Department of Cardiology, ISALA Klinieken, Hospital De Weezenlanden, Groot Wezenland, 20, Zwolle 8011 JW, The Netherlands

* Corresponding authors. Tel.: +31-38-4244242; fax: +39-38-4243083
E-mail address: g.deluca{at}diagram-zwolle.nl

Received 12 November 2003; revised 18 March 2004; accepted 24 March 2004 See page 1001 for the editorial comment on this article1

Abstract

Aims The prognostic role of time-to-treatment in primary angioplasty is still a matter of debate. The aim of our study was to evaluate the relationship between time-to-treatment and myocardial perfusion in patients with ST-segment-elevation myocardial infarction (STEMI) treated by primary angioplasty.

Methods and results Our study population consisted of 1072 patients with STEMI treated by primary angioplasty from 1997 to 2001. Myocardial perfusion was evaluated by using ST-segment resolution and myocardial blush grade. Time-to-treatment was defined as the time from symptom-onset to the first balloon inflation. Time-to-treatment was significantly associated with the extent of ST-segment resolution, myocardial blush grade, enzymatic infarct size, and 1-year mortality. After adjustment for baseline confounding factors, time-to-treatment was still associated with impaired ST-segment resolution (adjusted OR [95% CI]=1.01 [1.01–1.02], ) and myocardial blush (adjusted OR [95% CI]=1.01 [1.01–1.02], ).

Conclusions This study shows that in patients with STEMI treated by primary angioplasty prolonged ischaemic time is associated with impaired myocardial perfusion, larger infarct size, and higher 1-year mortality. Therefore, all efforts should be made to shorten ischaemic time as much as possible to achieve better myocardial perfusion and myocardial salvage in primary angioplasty for STEMI.

Key Words: Primary angioplasty • Myocardial infarction • Ischaemic time • Myocardial perfusion

Introduction

Although a clear relationship between mortality and the delay from symptom onset to treatment has been demonstrated in patients with ST-segment-elevation myocardial infarction (STEMI) treated by thrombolysis,1–3 the impact of the time delay on prognosis in patients undergoing primary angioplasty has yet to be clarified.3–8 In the current study, we investigated the impact of time-to-treatment on myocardial perfusion after primary angioplasty for STEMI.

Methods

From April 1997 to October 2001, a total of 1548 patients with STEMI were treated with primary angioplasty. All patients admitted within the first 6 h, or from 6 to 24 h if they had persistent symptoms with evidence of ongoing ischaemia, were included in the current study. Our study was approved by the Institutional Review Board. Analyses were performed by an independent core laboratory (Diagram, Zwolle, the Netherlands) in which the technicians were unaware of all clinical data and outcome. Time-to-treatment was defined as the time from symptom onset to the first balloon inflation.

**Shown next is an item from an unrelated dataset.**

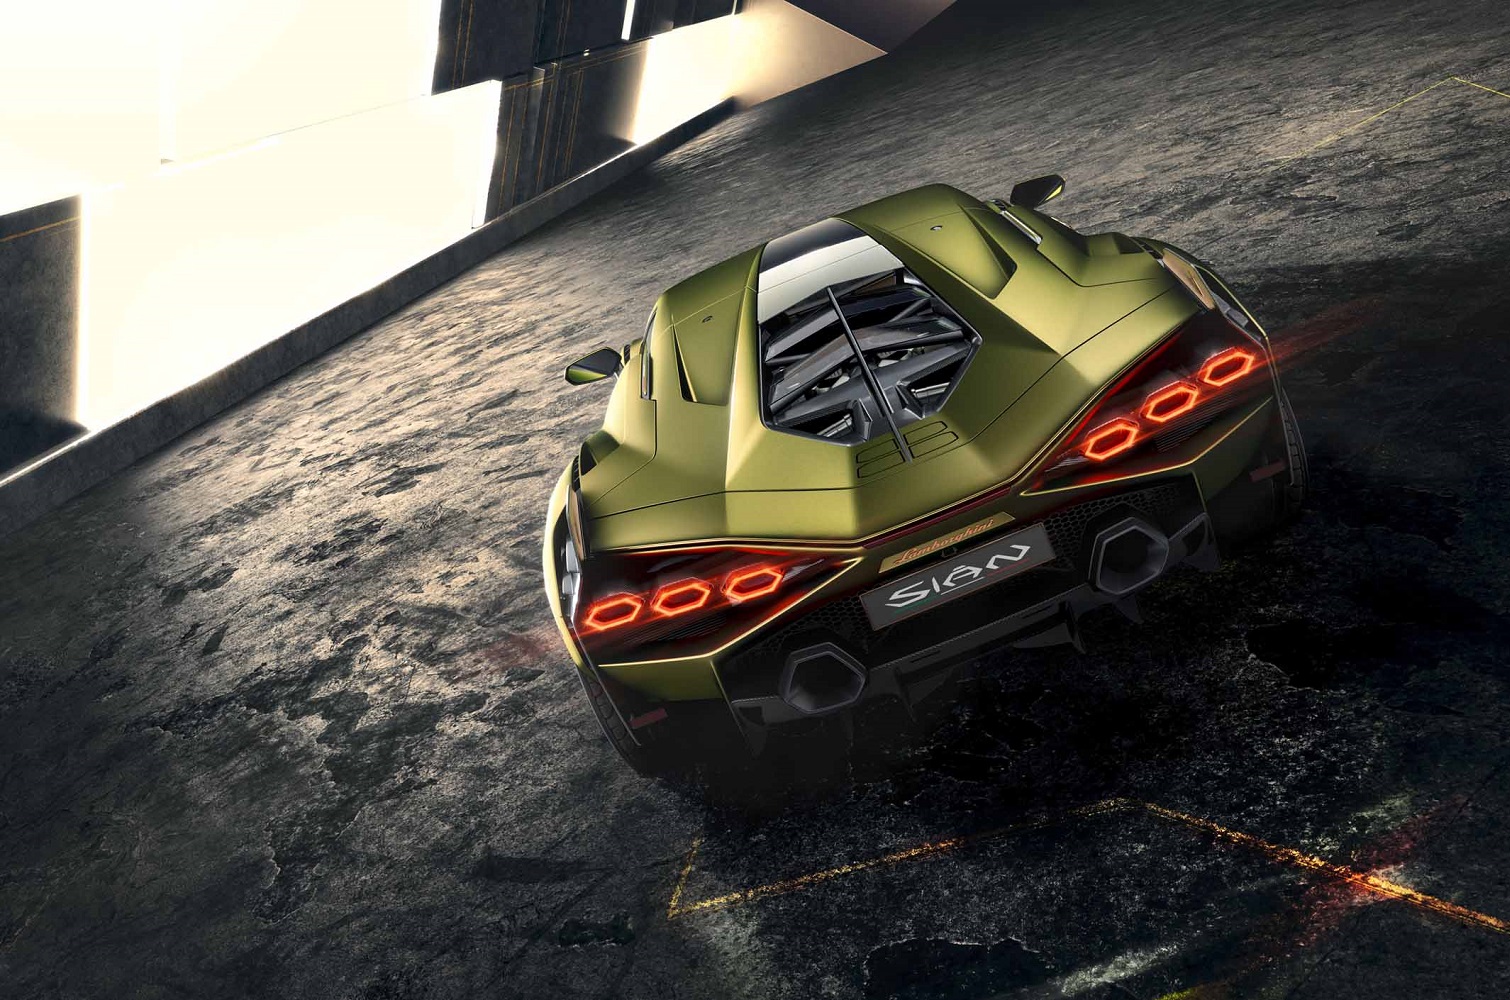 Lamborghini Sian hypercar: the CAR lowdown

Myocardial blush grade (MBG) was assessed after primary angioplasty, as previously described:9 Grade 0, no myocardial blush; Grade 1, minimal myocardial blush or contrast density; Grade 2, moderate myocardial blush or contrast density but less than that obtained during angiography of a contralateral or ipsilateral noninfarct-related coronary artery; Grade 3, normal myocardial blush or contrast density, comparable to that obtained during angiography of a contralateral or ipsilateral noninfarct-related coronary artery. When myocardial blush persisted (staining), this phenomenon suggested leakage of contrast medium into the extravascular space and was graded 0.

ST-segment resolution was analysed by comparison of 12-lead electrocardiograms (ECGs) made at baseline and 3 h, as previously described.10 ST-segment resolution was defined according to a threshold of 50%.

Enzymatic infarct size and predischarge ejection fraction were measured as previously described9 and categorised according to the 50th percentile.

All patients were reviewed in the outpatient clinic. For patients who died during follow-up, hospital records and postmortem data were reviewed. No patient was lost to follow-up.

Statistical analysis
Statistical analysis was performed with the SPSS 10.0 statistical package. Continuous data were expressed as means and standard deviation and categorical data as percentages. The one-way analysis of variance and chi-square test were used for continuous and categorical variables, respectively (two-sided tests). A trend analysis was done as described by Schlesselman.11 A p-value 0.05 was considered statistically significant.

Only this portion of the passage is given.